Facebook's Open Compute Project Gaining Momentum After First Year

 
 
By Chris Preimesberger  |  Posted 2012-06-10 Email Print this article Print
 
 
 
 
 
 
 

The unprecedented effort to open-source data center hardware design is gaining interest from companies large and small for all the right reasons.

MENLO PARK, Calif. €” A little over a year after Facebook launched its Open Compute Project, organizers of the unusual open-source hardware and software initiative report that it is gaining traction among a large number of companies big and small.

Turns out most enterprises want to save money, power from the walls and staff time. The Open Compute Project (OCP), based on much of the Facebook data center architecture and server design schemes, aims to do precisely that. But to get any project off the ground, it takes old-fashioned selling and recruiting.

"Anybody who's worked in open source will tell you: The easiest part is opening-sourcing things; the hardest part is actually building a thriving community, where there are multiple people contributing to that project," Mike Schroepfer, Facebook's vice president of engineering, told a group of journalists in a whiteboard session on the Facebook campus earlier this week.

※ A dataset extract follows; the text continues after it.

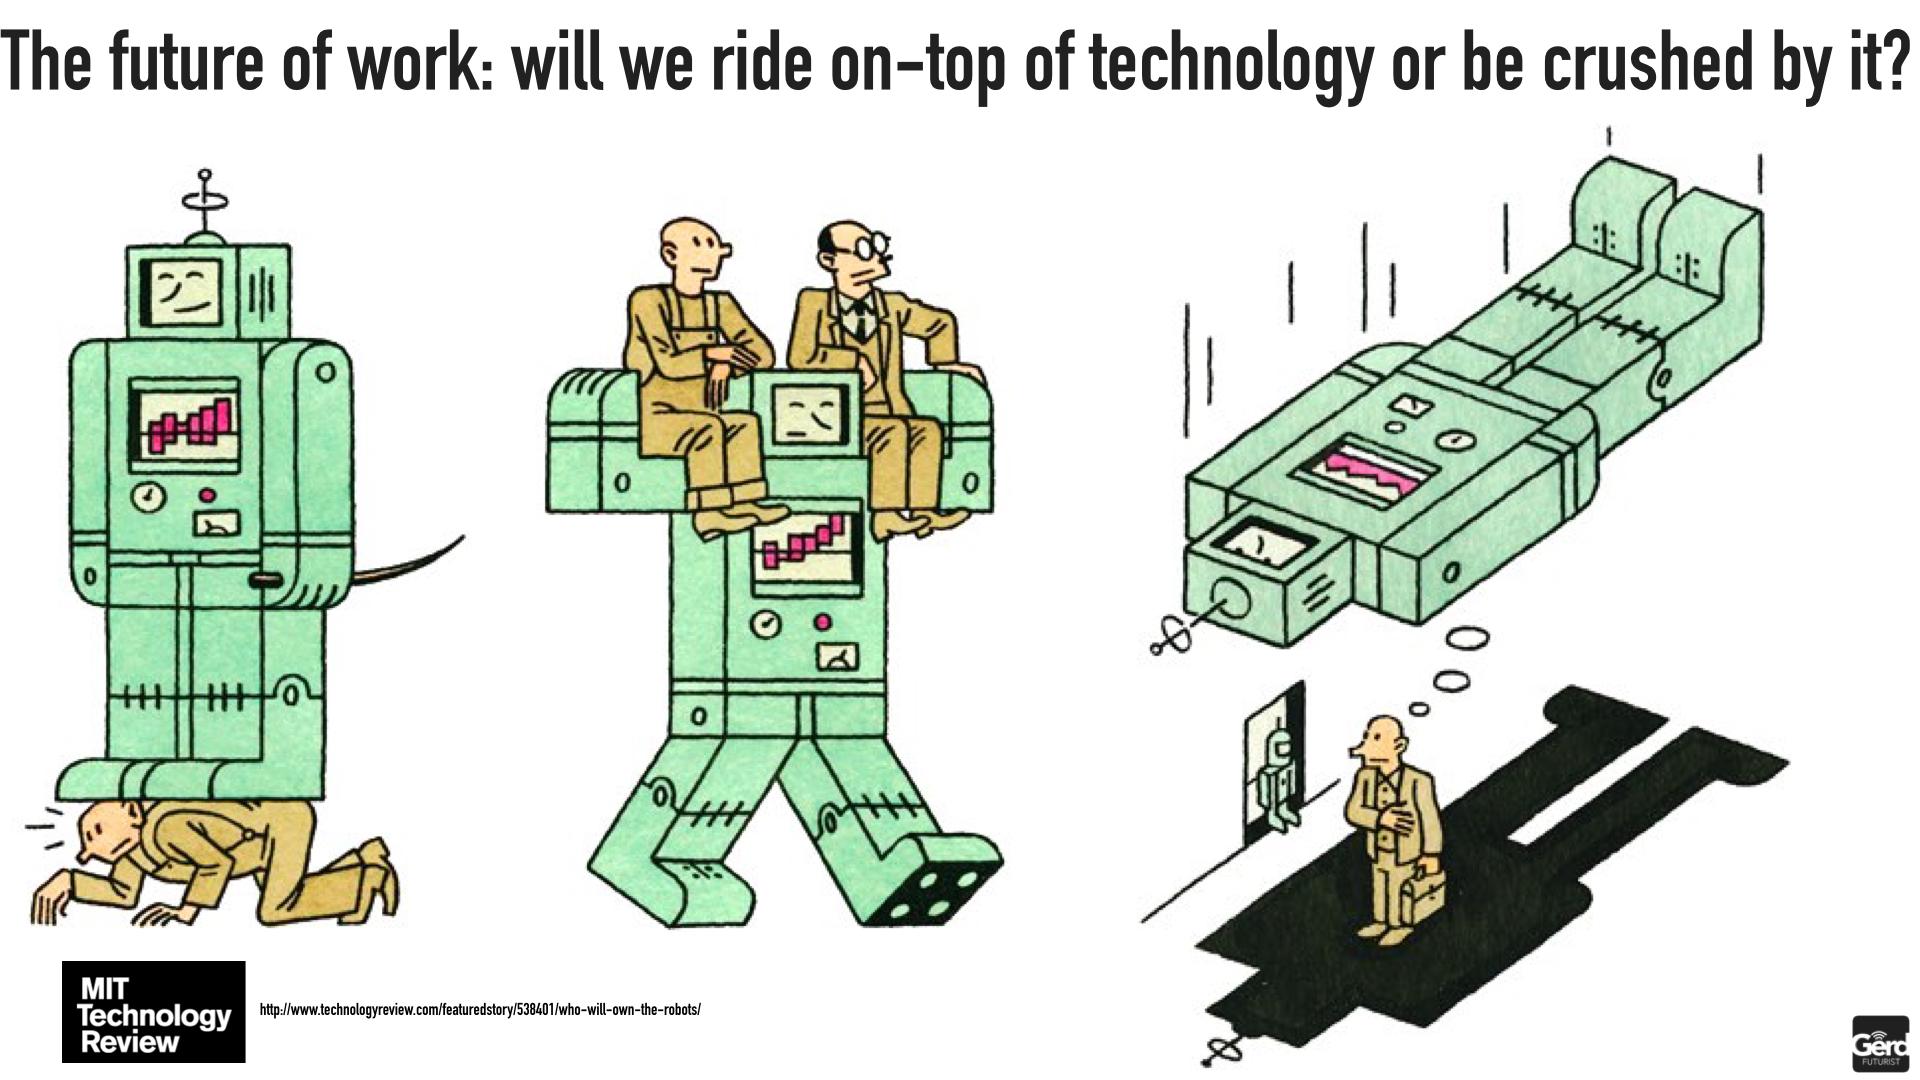 technology and humanity the future gerd leonhard futurist london public.020

Recruiting Effort Is Paying Off

Apparently, the recruiting effort is starting to pay off. Companies are now knocking on Facebook's door, instead of vice versa.

Facebook launched the OCP April 7, 2011. It is an unprecedented attempt to open-source the specifications it employs for its hardware and data center to efficiently power a social network comprising 900 million-plus people. The OCP held its second summit event last month in San Antonio. More than 500 attendees came.

For the Open Compute Project, Facebook itself publishes specs and mechanical designs used to construct its motherboards, power supply, server chassis and server and battery cabinets. GigaOm has hard data points on the specs.

The company is also open-sourcing specs for its data center's electrical and mechanical construction, including technical specs and mechanical CAD files.

A lot has happened in the first year, Frank Frankovsky, Facebook engineer and founding board member of OCP, told the folks at the whiteboard session earlier this week.

Much Has Happened in the First Year

"It's amazing how much can happen in a year," Frankovsky said. "In April 2011, when we open-sourced a set of server and data center designs under the name 'Open Compute Project,' we weren't sure what to expect. It was our hope that we could inspire the industry to be a little more open, a little more innovative and a little more focused on energy efficiency.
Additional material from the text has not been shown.